Installation Guide
Installation Methods
CUDA-QX provides multiple installation methods to suit your needs:
pip install
The simplest way to install CUDA-QX is via pip. (If you’re on Mac, your only option is to use the Docker container as described below.) For pip, you can install individual components:
# Install QEC library
pip install cudaq-qec
# Install Solvers library
pip install cudaq-solvers
# Install both libraries
pip install cudaq-qec cudaq-solvers
CUDA-QX provides optional pip-installable components:
# Install the Tensor Network Decoder from the QEC library
pip install cudaq-qec[tensor-network-decoder]
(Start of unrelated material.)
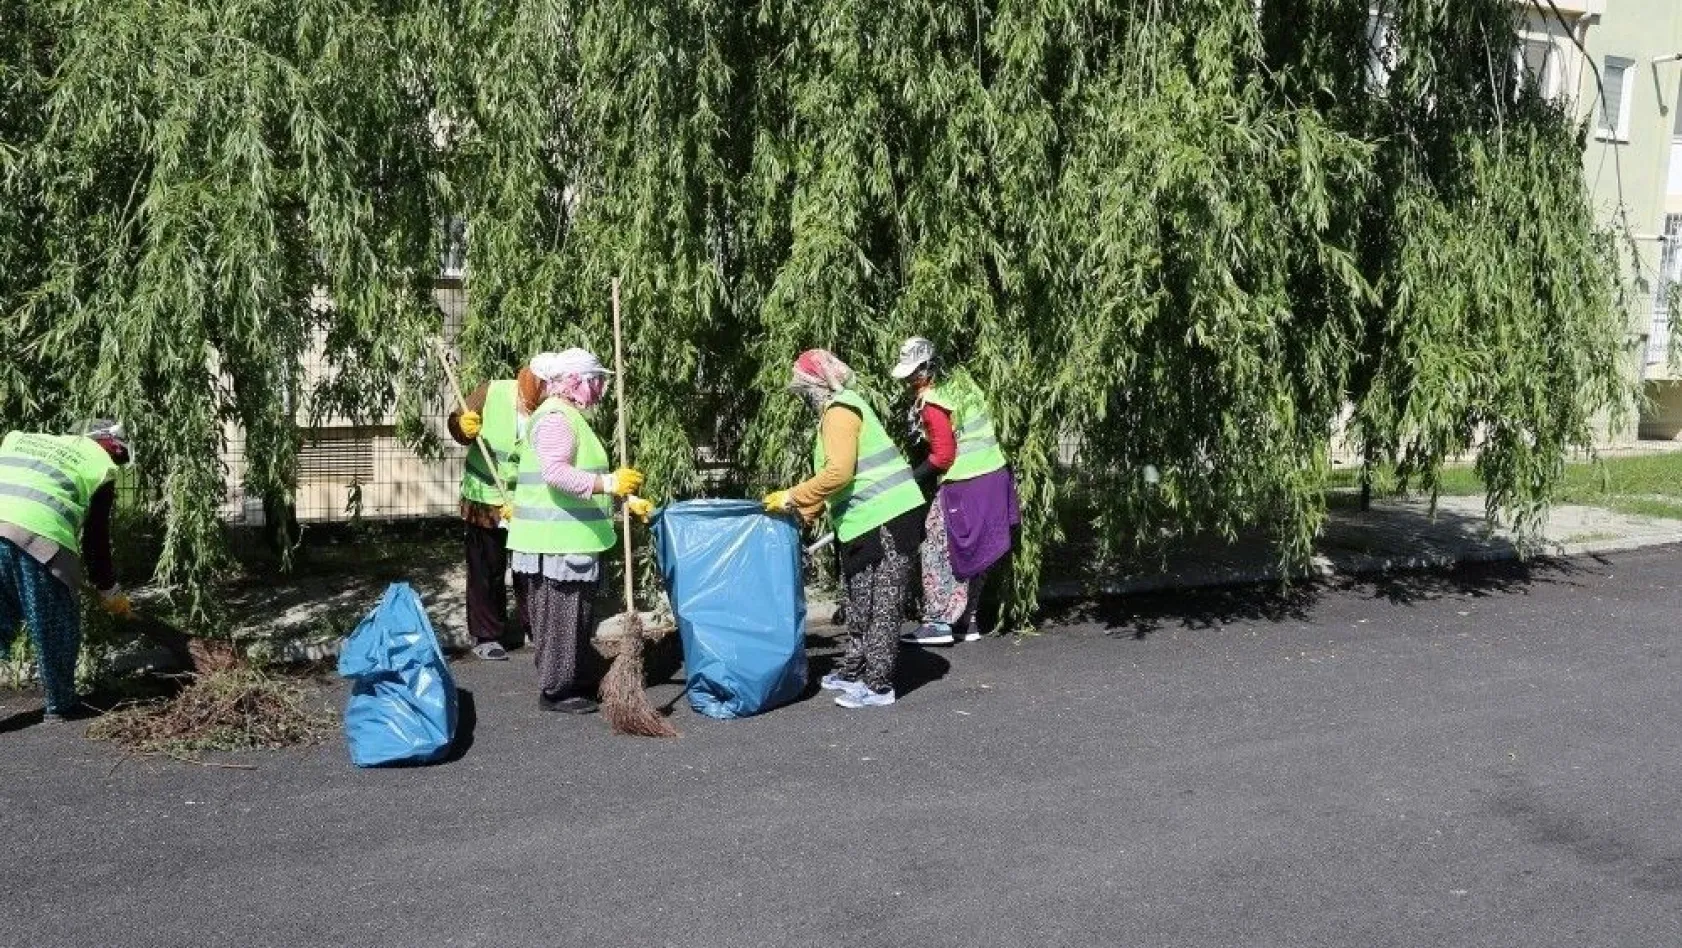 Erzincan Belediyesi daha temiz bir Erzincan için çalışmalarına devam ediyor

# Install the GQE algorithm from the Solvers library
pip install cudaq-solvers[gqe]
Note
CUDA-Q Solvers will require the presence of libgfortran, which is
not distributed with the Python wheel, for provided classical optimizers. If
libgfortran is not installed, you will need to install it via your
distribution’s package manager. On Debian based systems, you can install
this with apt-get install gfortran.
Docker Container
CUDA-QX is available as a Docker container with all dependencies pre-installed:
Pull the container:
docker pull ghcr.io/nvidia/cudaqx
Run the container:
docker run --gpus all -it ghcr.io/nvidia/cudaqx
Note
If your system does not have local GPUs (eg. a MacBook), omit the --gpus all
argument.
- The container includes:
CUDA-Q compiler and runtime
CUDA-QX libraries (QEC and Solvers)
All required dependencies
Example notebooks and tutorials
Building from Source
The instructions for building CUDA-QX from source are maintained on our GitHub repository: Building CUDA-QX from Source.
Installing PyTorch
PyTorch (torch) is required for several CUDA-QX features:
Tensor Network Decoder: Used by the QEC library for tensor network-based decoding (CPU version of PyTorch is sufficient)
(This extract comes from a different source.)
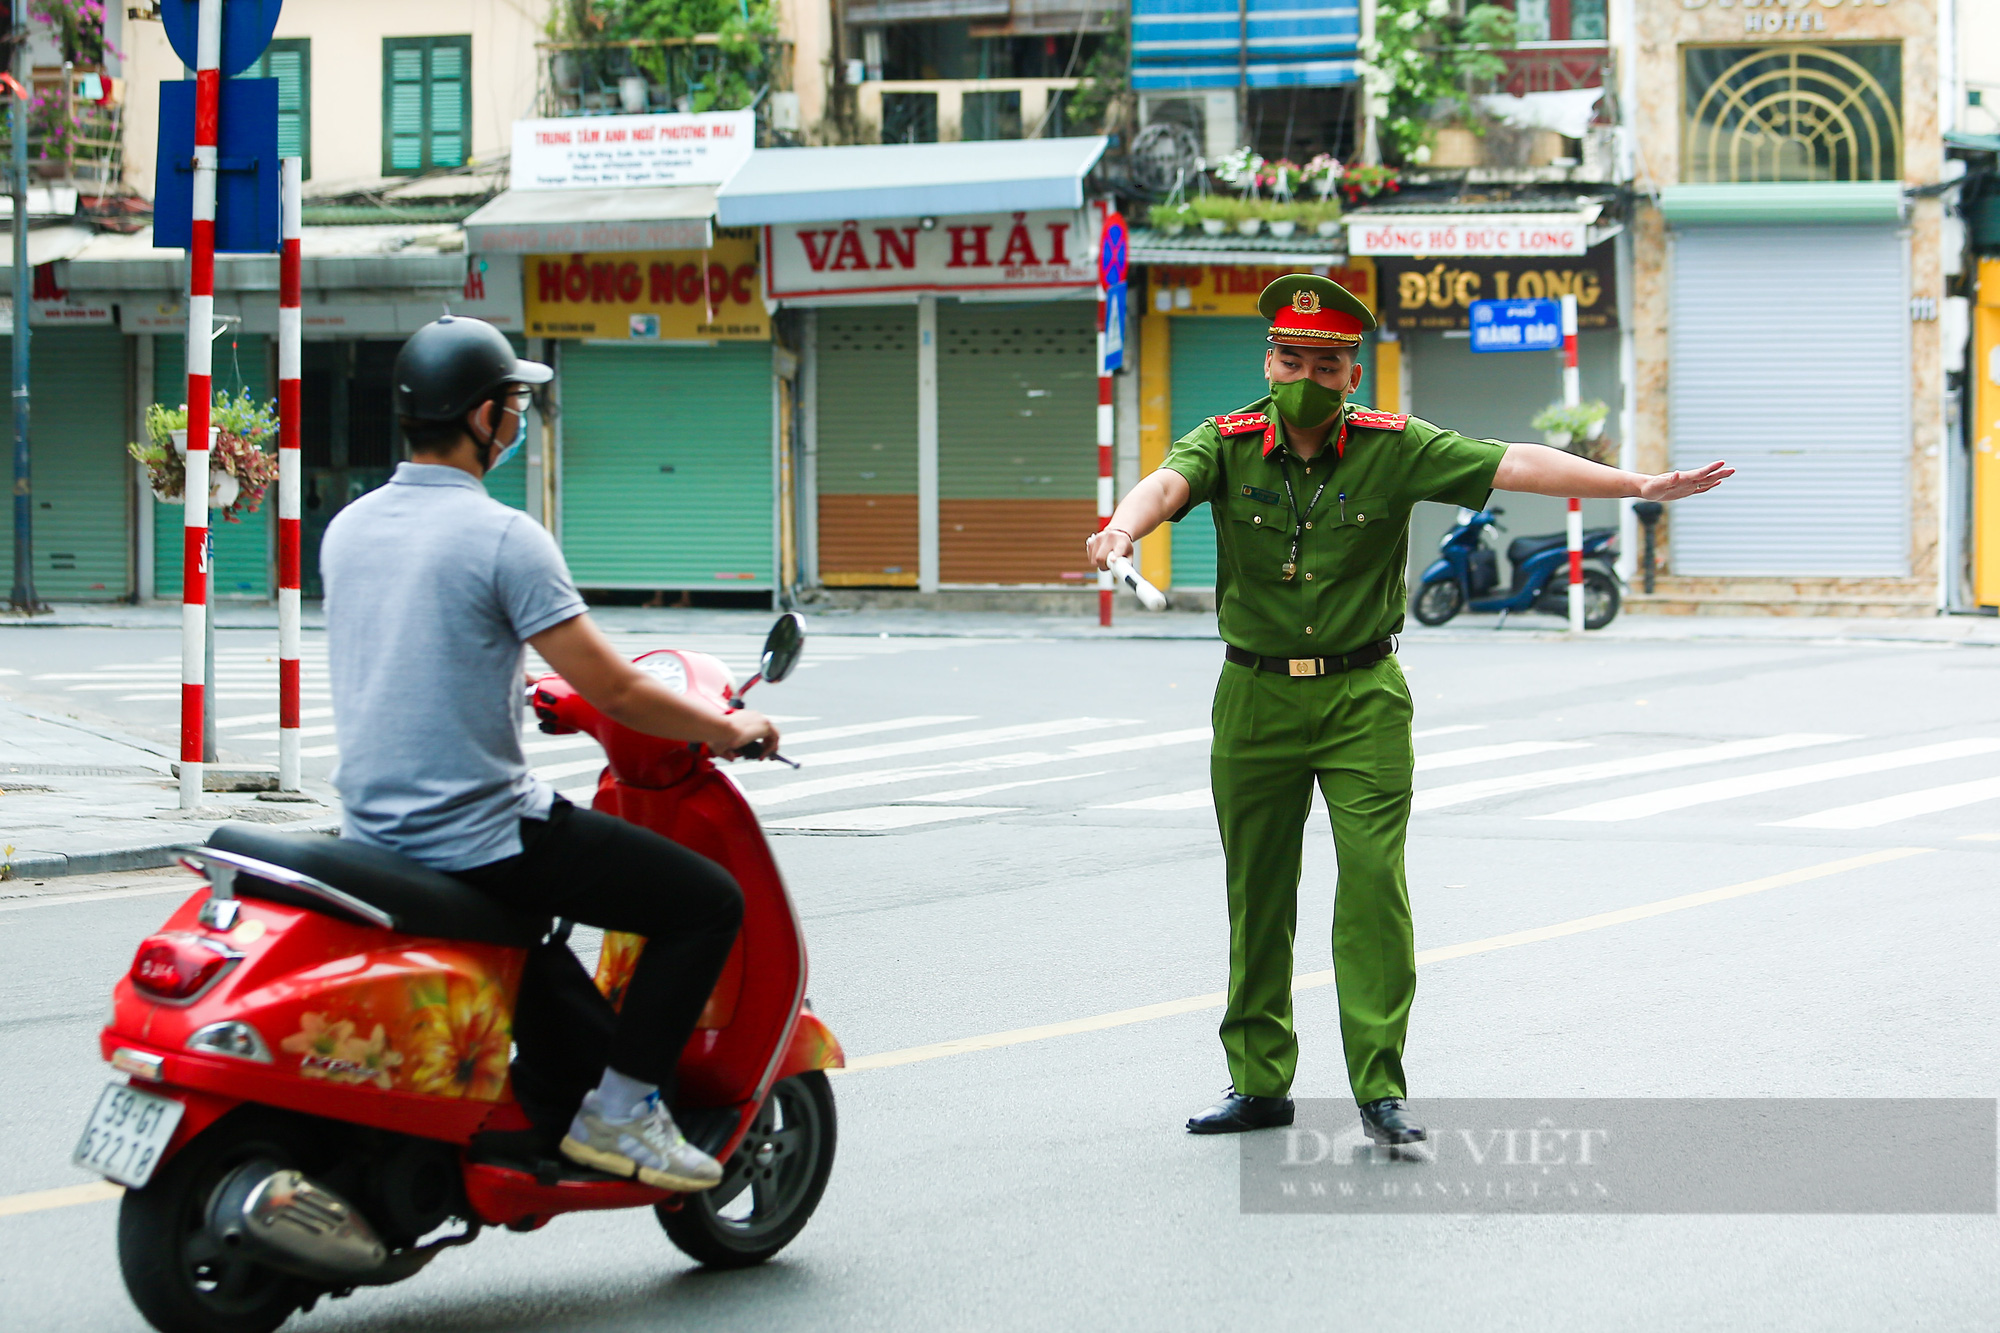 Áp dụng Chỉ thị 16 ở Hà Nội: Sang nhà hàng xóm giúp công việc có bị xử phạt không? - Ảnh 1.

GQE Algorithm: Used by the Solvers library for the Generative Quantum Eigensolver
Training AI Decoders: Optionally used for training custom neural network decoders (see Deploying AI Decoders with TensorRT)
PyTorch is automatically installed when you install the optional components:
# Installs PyTorch as a dependency
pip install cudaq-qec[tensor-network-decoder]
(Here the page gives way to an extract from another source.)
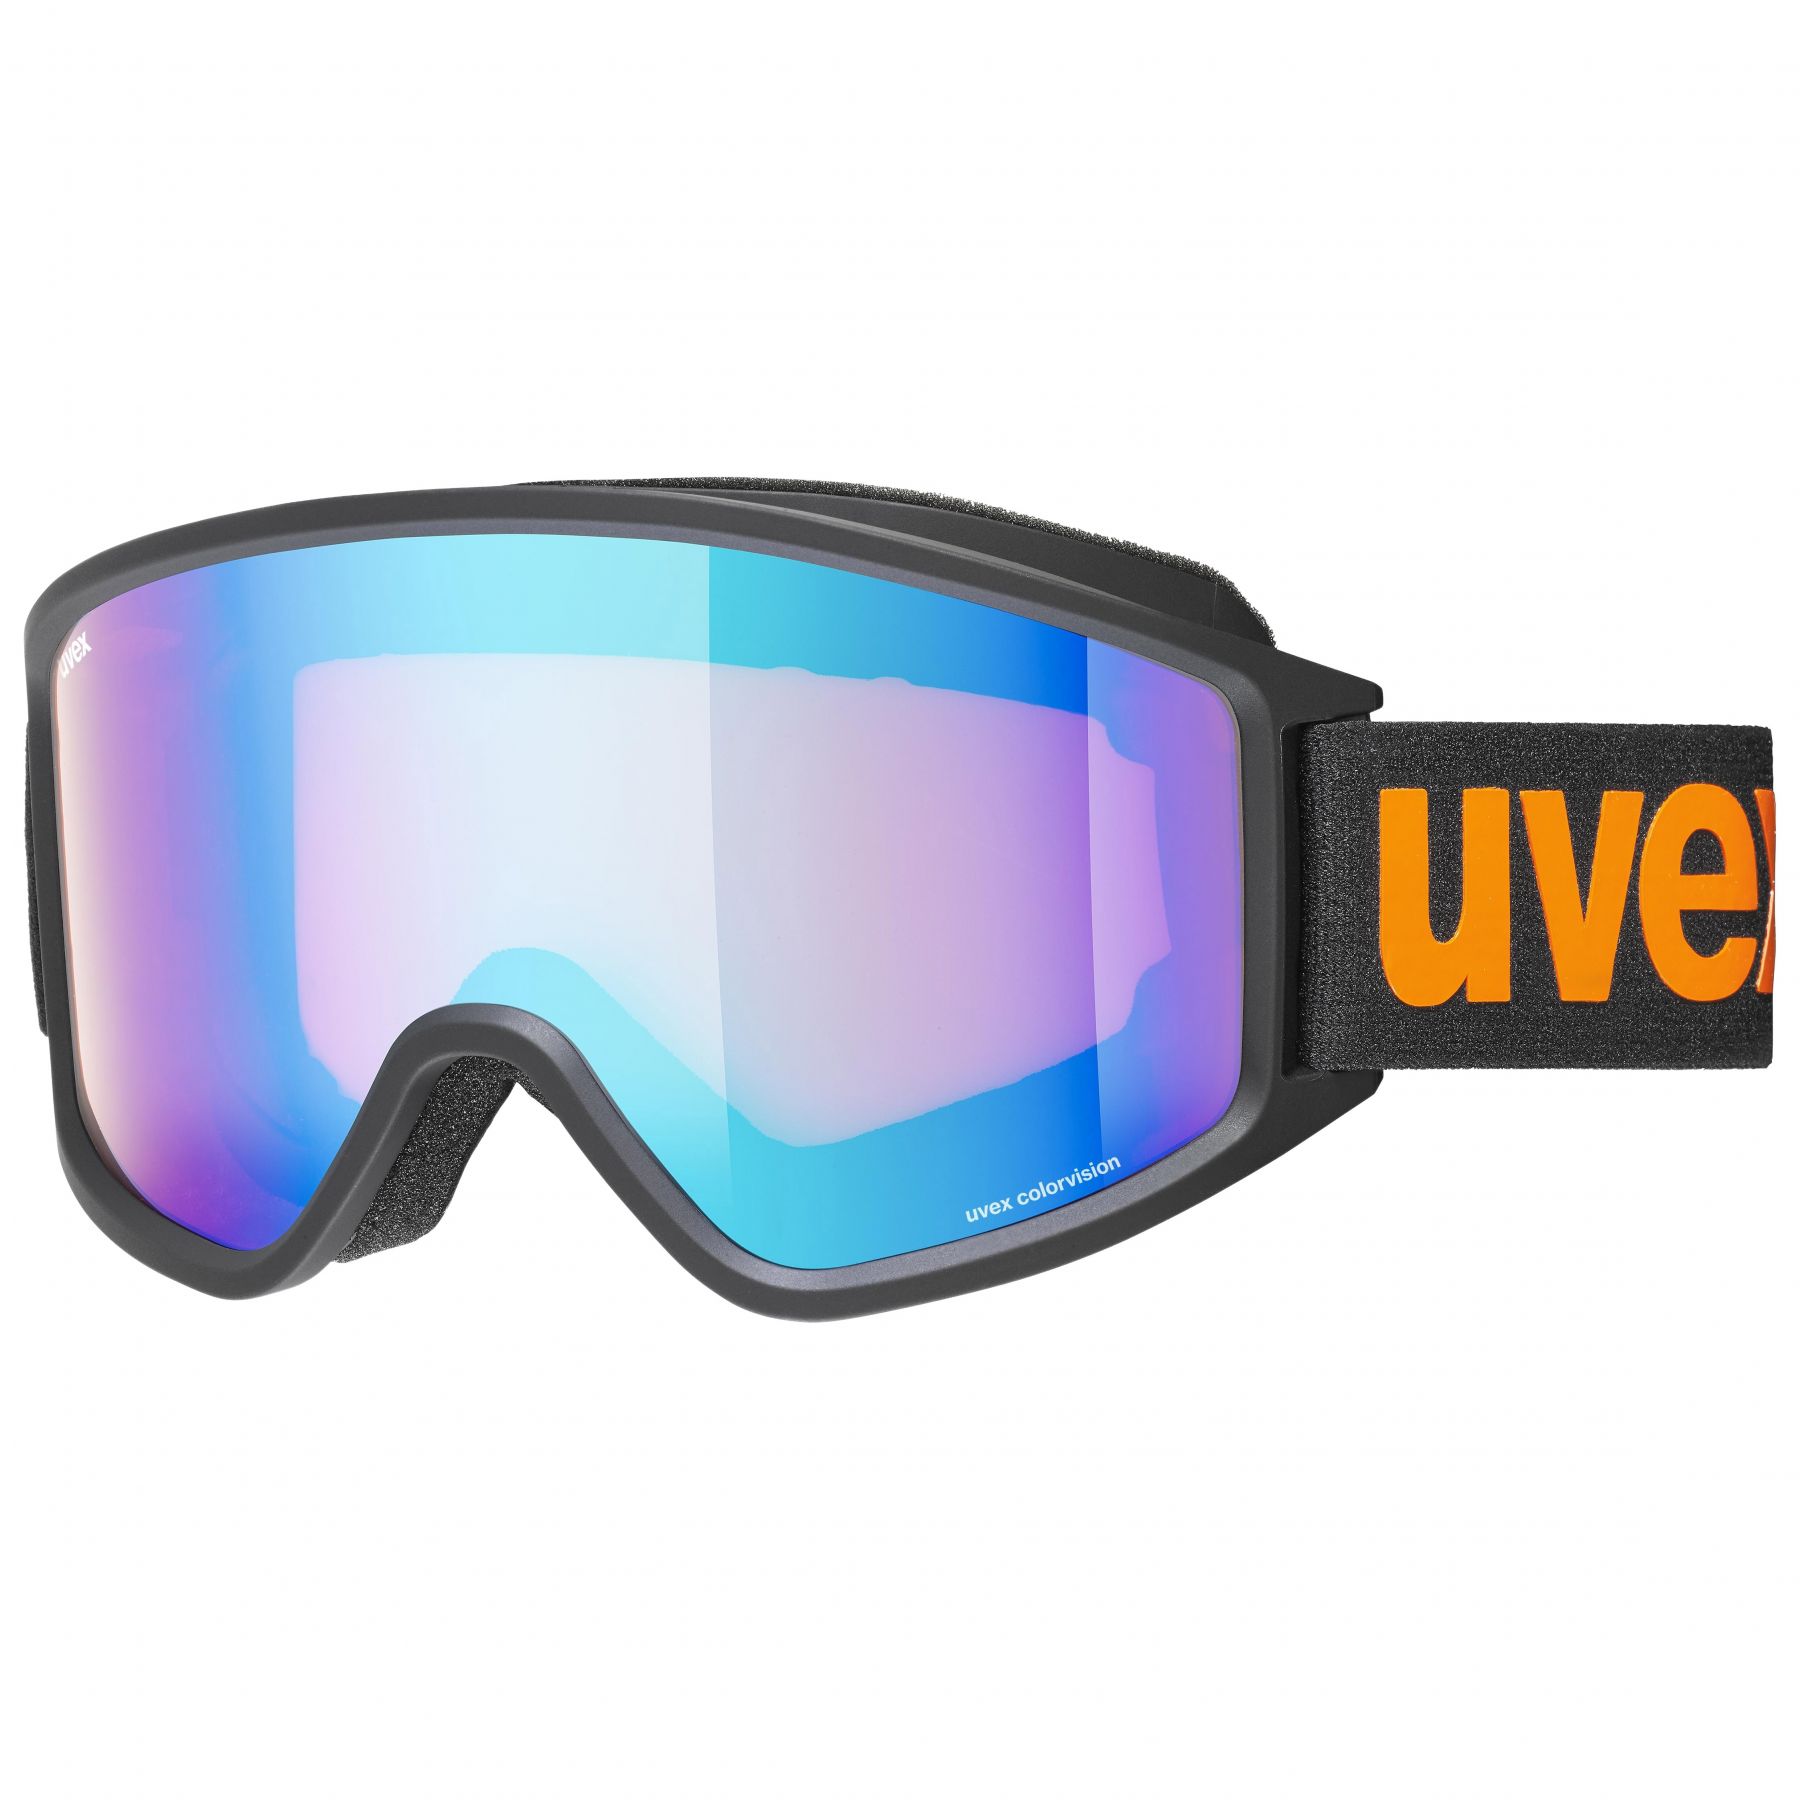 Billede af Uvex g.gl. 3000 CV, skibriller, sort/orange hos Skisport.dk

pip install cudaq-solvers[gqe]
Alternatively, you can install PyTorch directly. For detailed installation instructions, visit the PyTorch installation page.
pip install torch
Note
Users with NVIDIA Blackwell architecture GPUs require PyTorch with CUDA 12.8 or later support. When installing PyTorch, make sure to select the appropriate CUDA version for your system.